15 juin 2004·Italiano·Tessin·Tribunale di appello diritto penale La Corte di cassazione e di revisione penale·HTML·2,380 mots·~12 min·2

Résumé

Sentenza o decisione senza scheda

Texte intégral

Incarto n. 17.2004.23

Lugano 15 giugno 2004/dp  

In nome della Repubblica e Cantone del Ticino  

La Corte di cassazione e di revisione penale                                 del Tribunale d'appello

composta dei giudici:

Pellegrini, presidente, G. A. Bernasconi e Cometta

segretario:

Isotta, cancelliere

sedente per statuire sull'istanza di revisione del 18 maggio 2004 presentata da

______________ (patrocinato dall'__________)  

contro  

le sentenze emanate il 23 dicembre 1999 e il 3 agosto 2000 dal Pretore del Distretto di Bellinzona nei suoi confronti;  

esaminati gli atti,

posti i seguenti

punti di questione:     1.   Se dev'essere accolta l'istanza di revisione;

                                         2.   Il giudizio sulle spese e sulle ripetibili.

Ritenuto

in diritto:                 A.   Con sentenza del 23 dicembre 1999, emessa in contumacia, il Pretore del Distretto di Bellinzona ha dichiarato __________ autore colpevole di trascuranza degli obblighi di mantenimento e l'ha condannato a 15 giorni di detenzione da espiare, come pure al pagamento di fr. 49'602.– all'Ufficio del sostegno e dell'inserimento, costituitosi parte civile. Egli ha ordinato inoltre la revoca della sospensione condizionale a una pena di 15 giorni di detenzione inflitta all'imputato con sentenza del 22 aprile 1996 per lo stesso reato.

                                  B.   __________ ha chiesto il 20 giugno 2000 la revoca della sentenza contumaciale, invitando il Pretore ad aggiornare il dibattimento nella seconda metà di settembre, date le assenze sue e del suo avvocato. Il Pretore ha fissato però il dibattimento, il 21 giugno 2000, per il 3 agosto successivo. Con lettera del 22 luglio 2000 il patrocinatore di __________, richiamata l'istanza del 20 giugno 2000, ha reiterato per un rinvio del dibattimento, precisando che in caso di rifiuto avrebbe rinunciato al mandato per l'impossibilità di raggiungere il cliente.
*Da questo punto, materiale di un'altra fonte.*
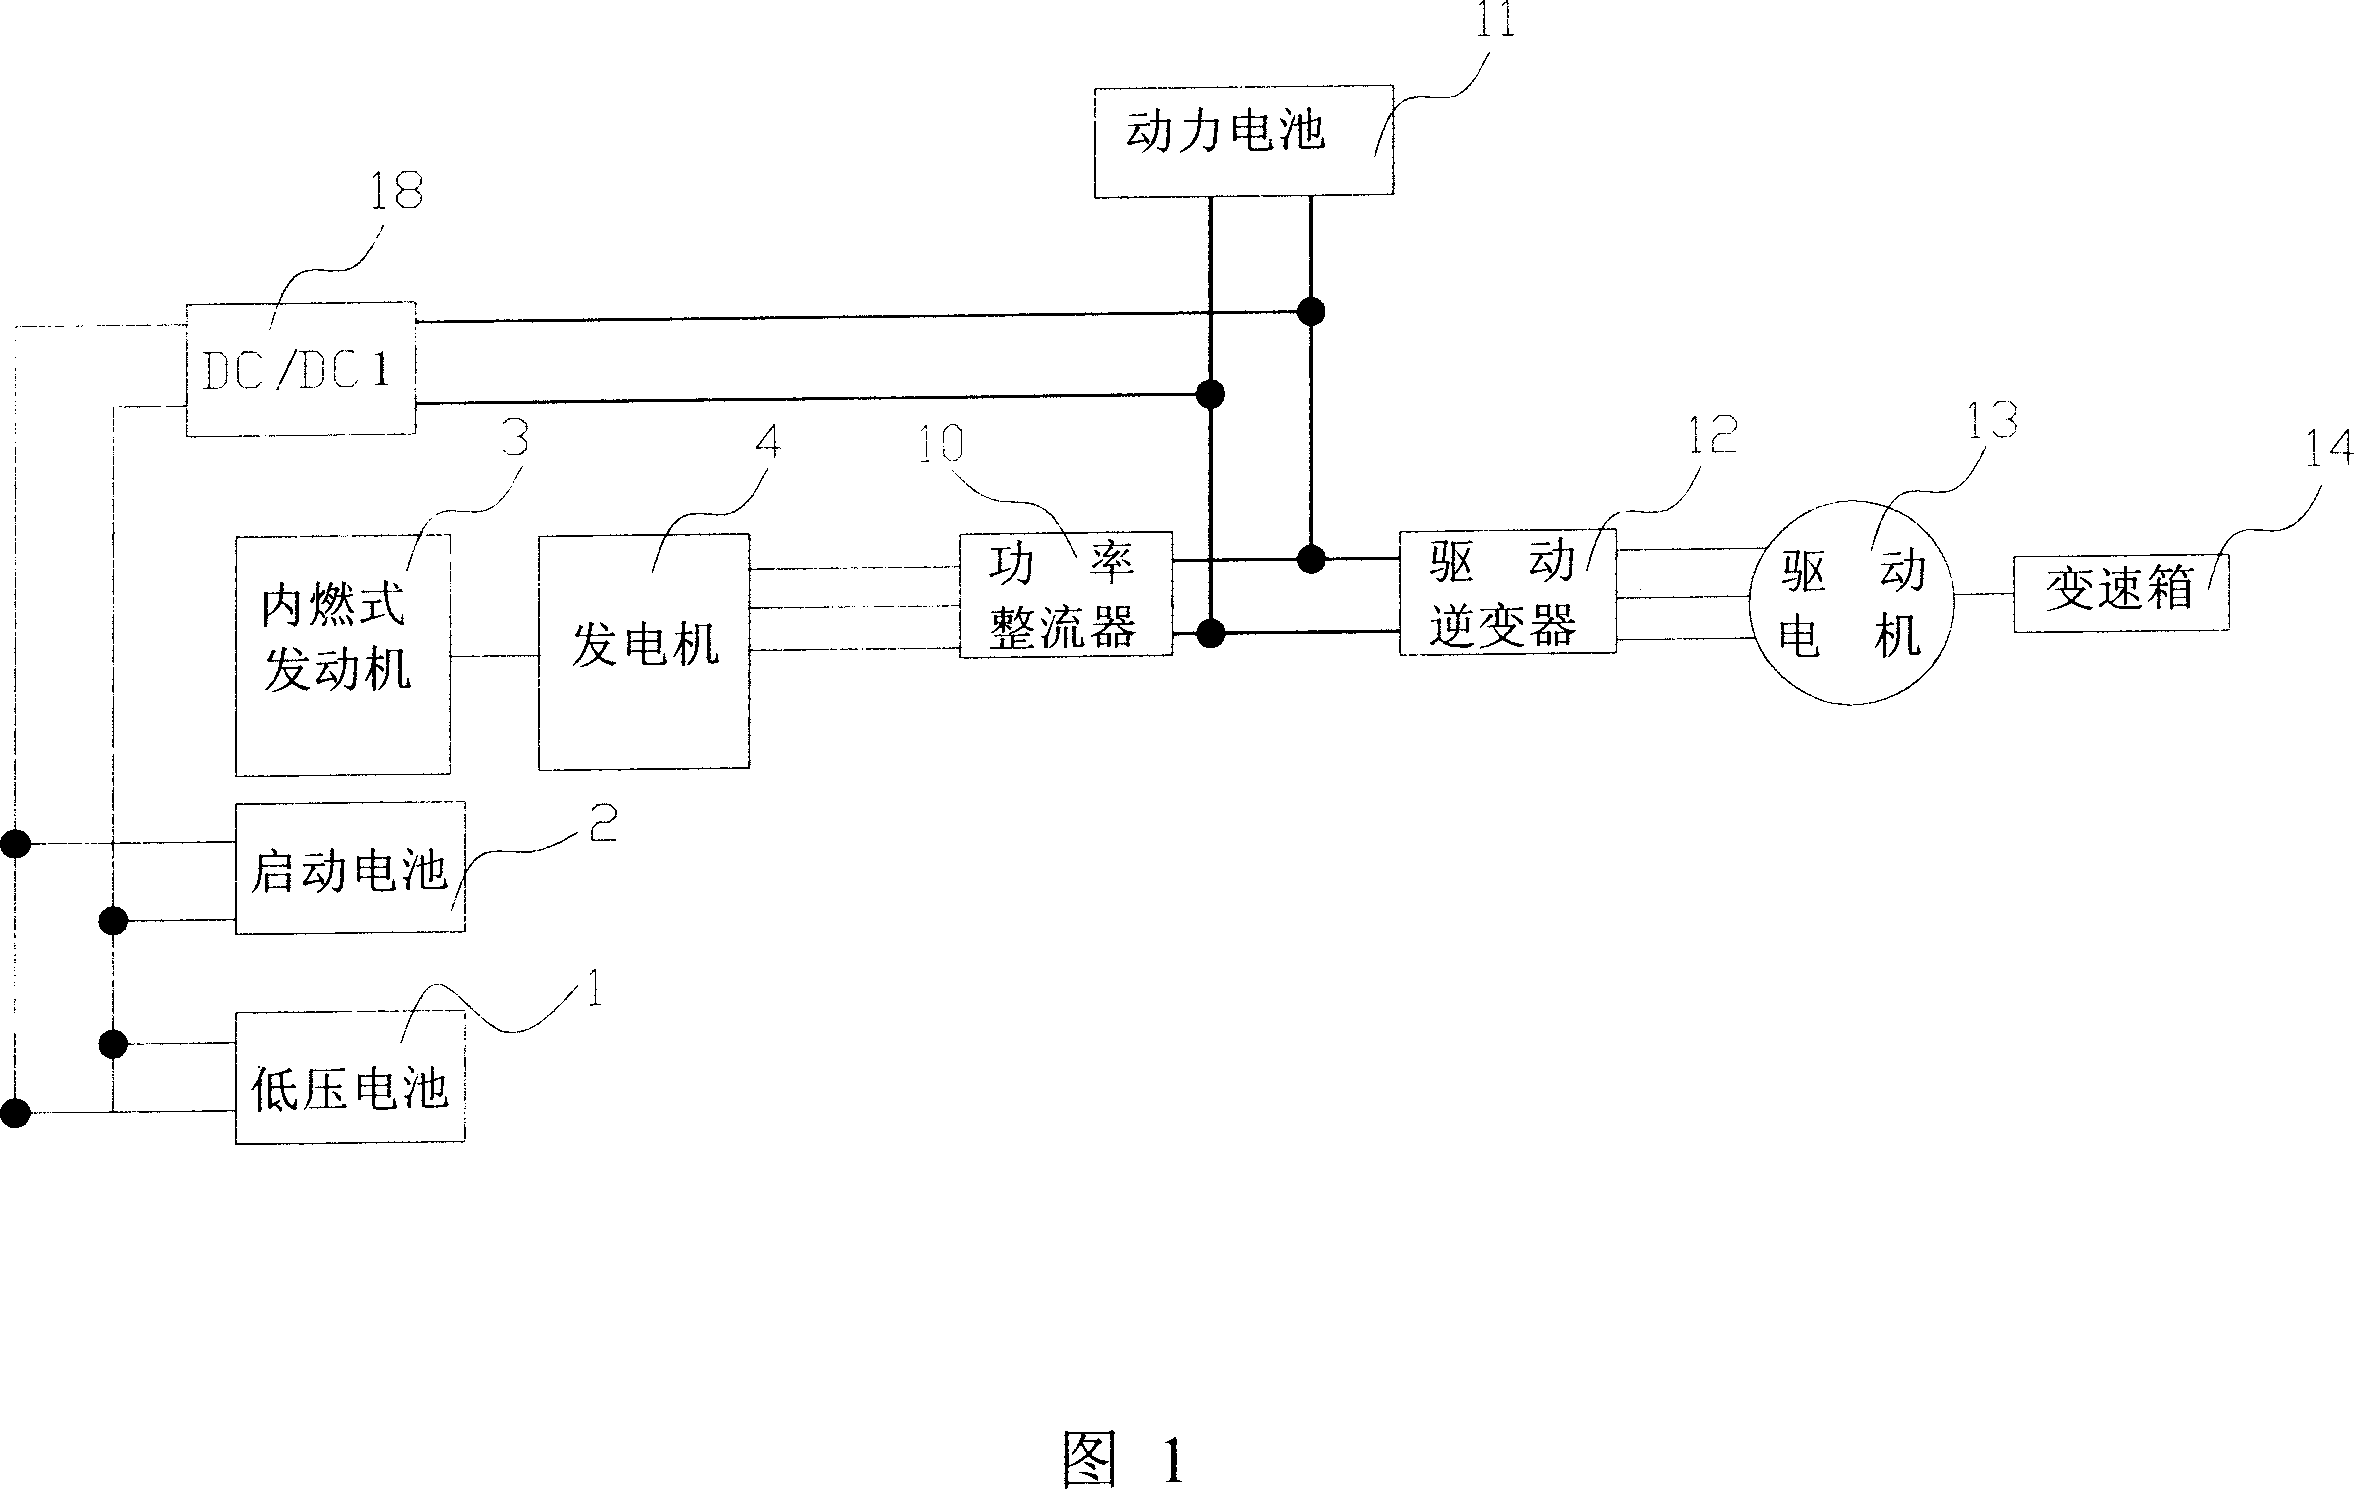 Symmetrically arranged power source for electric vehicles and its motor driving system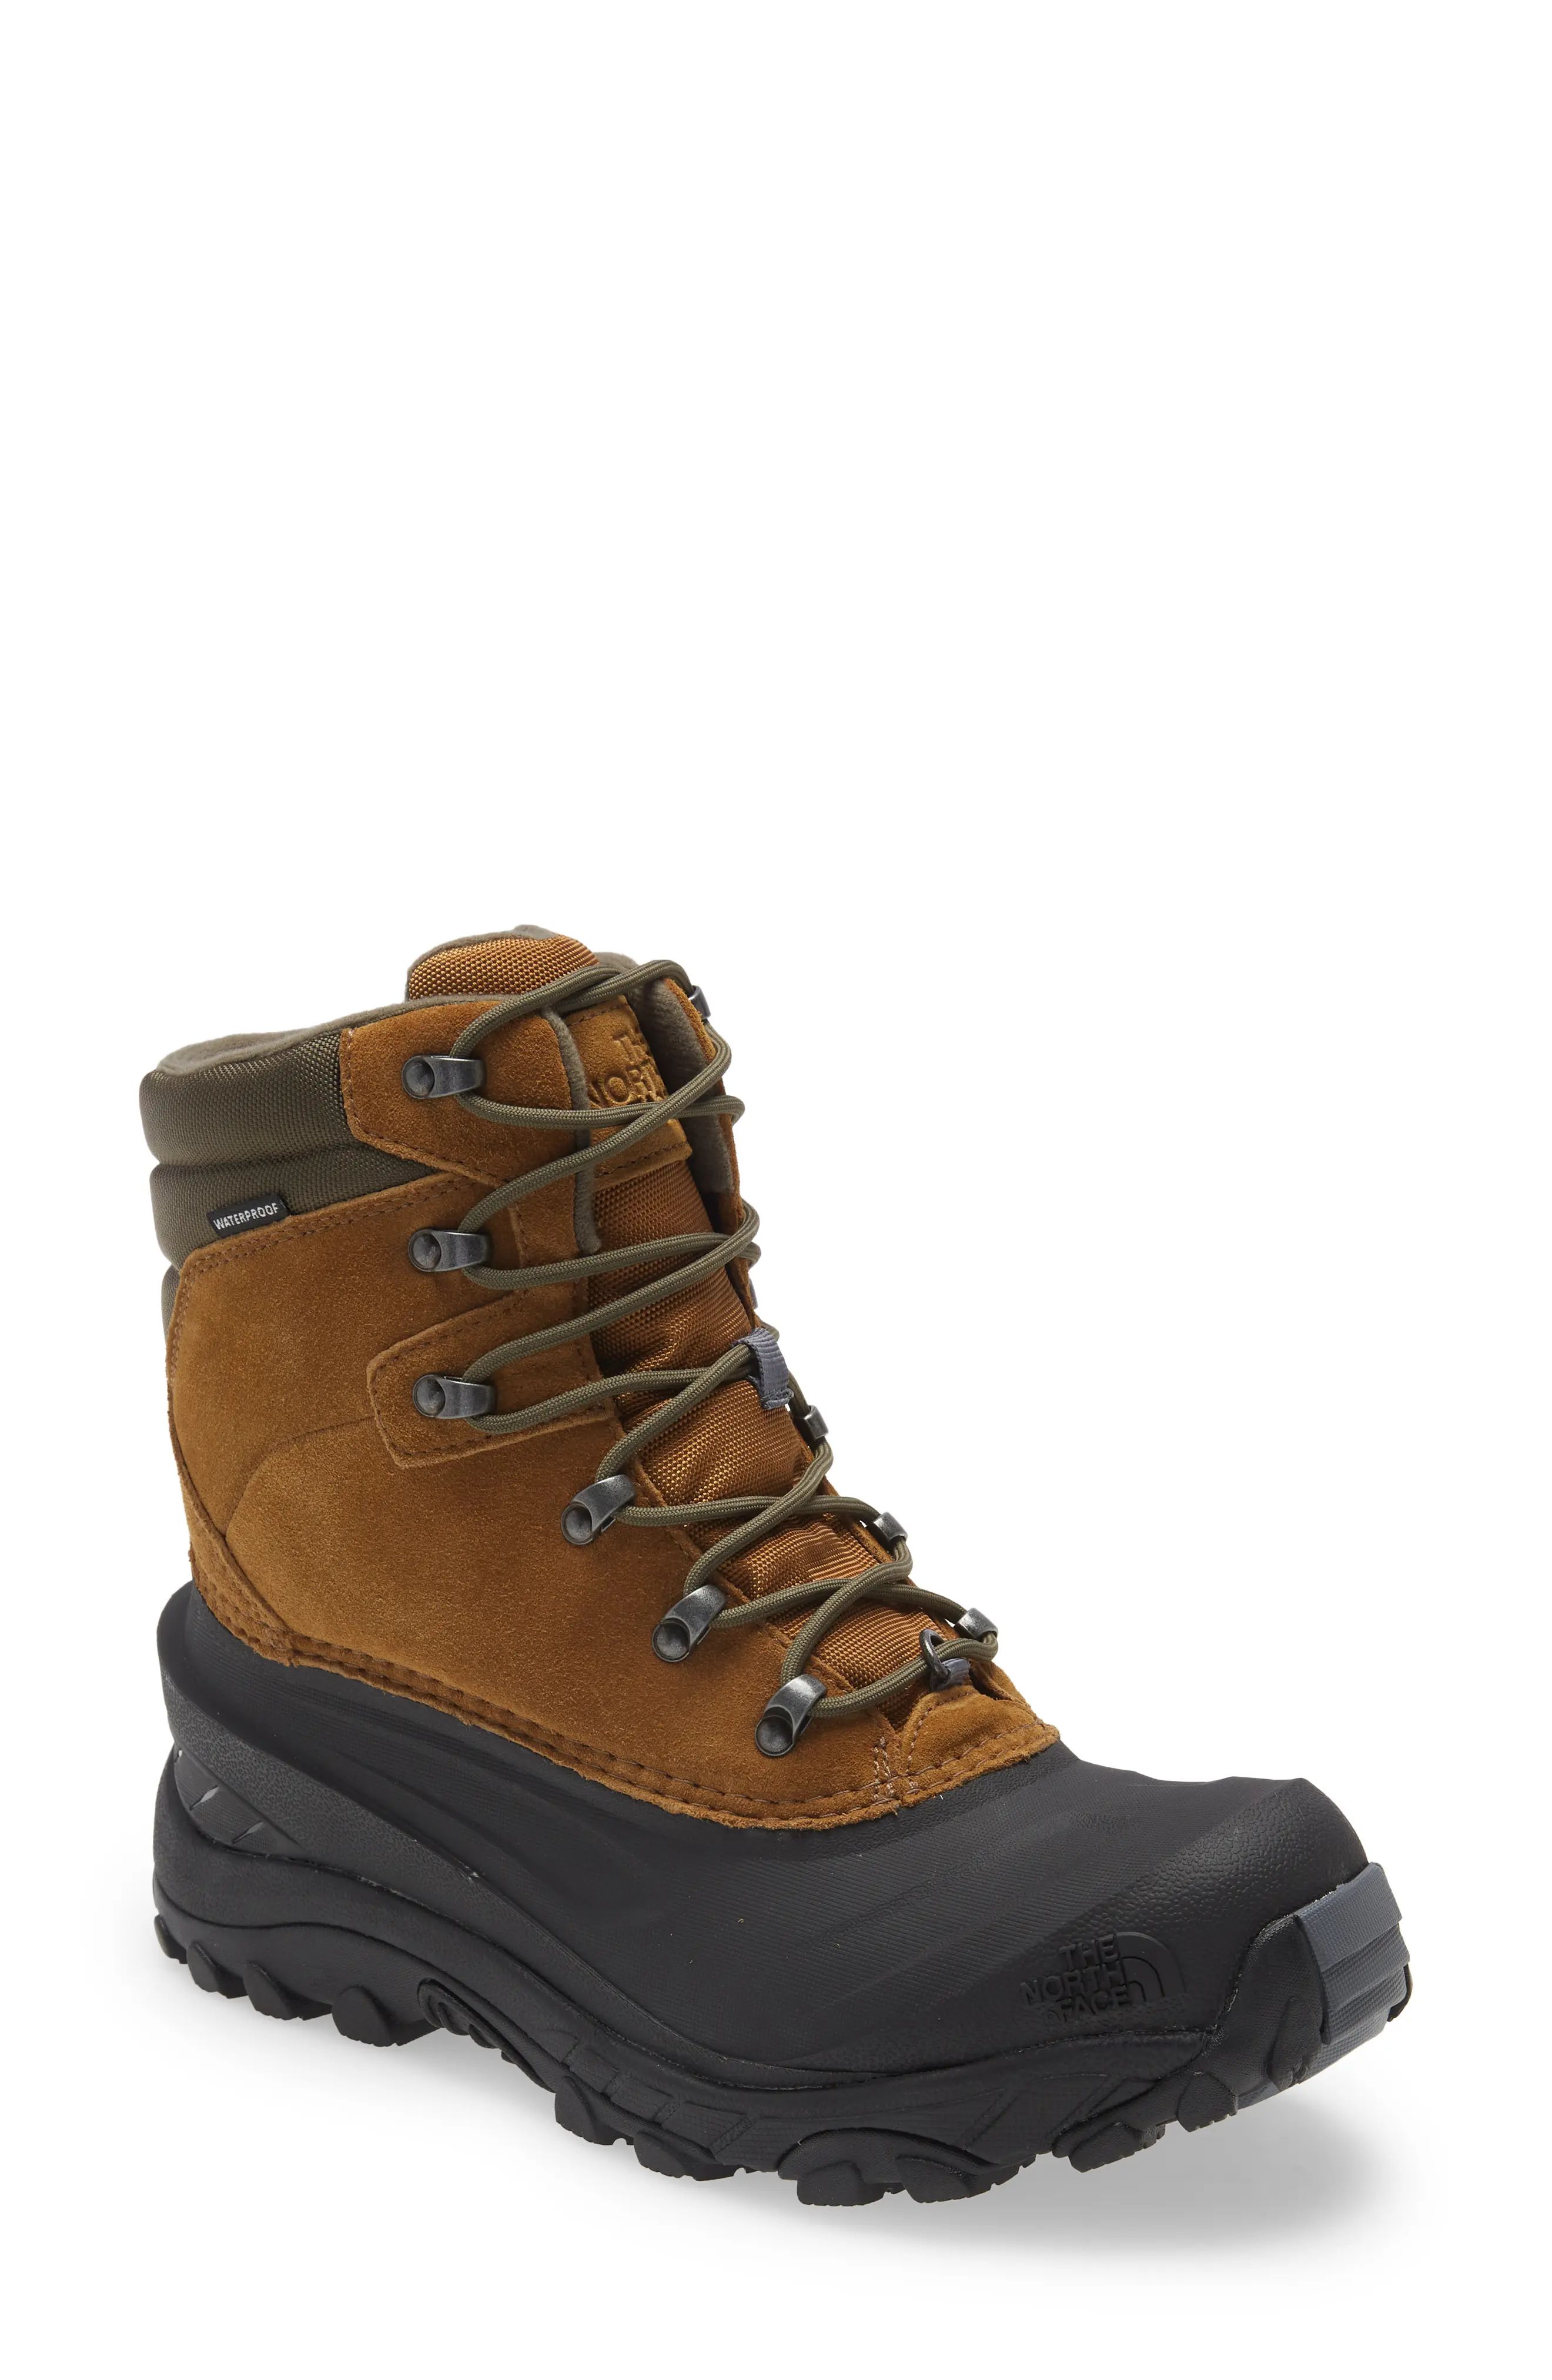 The North Face Chilkat IV Waterproof Insulated Snow Boot, Size 8 in Brown/Green at Nordstrom | Nordstrom

Con decisione del 24 luglio 2000 il Pretore ha respinto l'istanza e ha avvertito l'imputato che in caso di mancata comparizione al dibattimento del 3 agosto seguente la sentenza contumaciale sarebbe divenuta definitiva.

                                  C.   Con sentenza del 3 agosto 2000 il Pretore, preso atto della rinuncia al mandato da parte del patrocinatore e accertata l'assenza ingiustificata dell'imputato al dibattimento, ha nuovamente dichiarato __________ autore colpevole del reato ascrittogli, confermando quanto già deciso il 23 dicembre 1999. Mediante ricorso per cassazione del 31 agosto 2000 __________ ha impugnato la sentenza del Pretore davanti alla Corte di cassazione e di revisione penale, chiedendone l'annullamento e l'indizione di un nuovo processo. Il ricorso è stato respinto da questa Corte con sentenza del 12 settembre 2000 (inc. 17.2000.38).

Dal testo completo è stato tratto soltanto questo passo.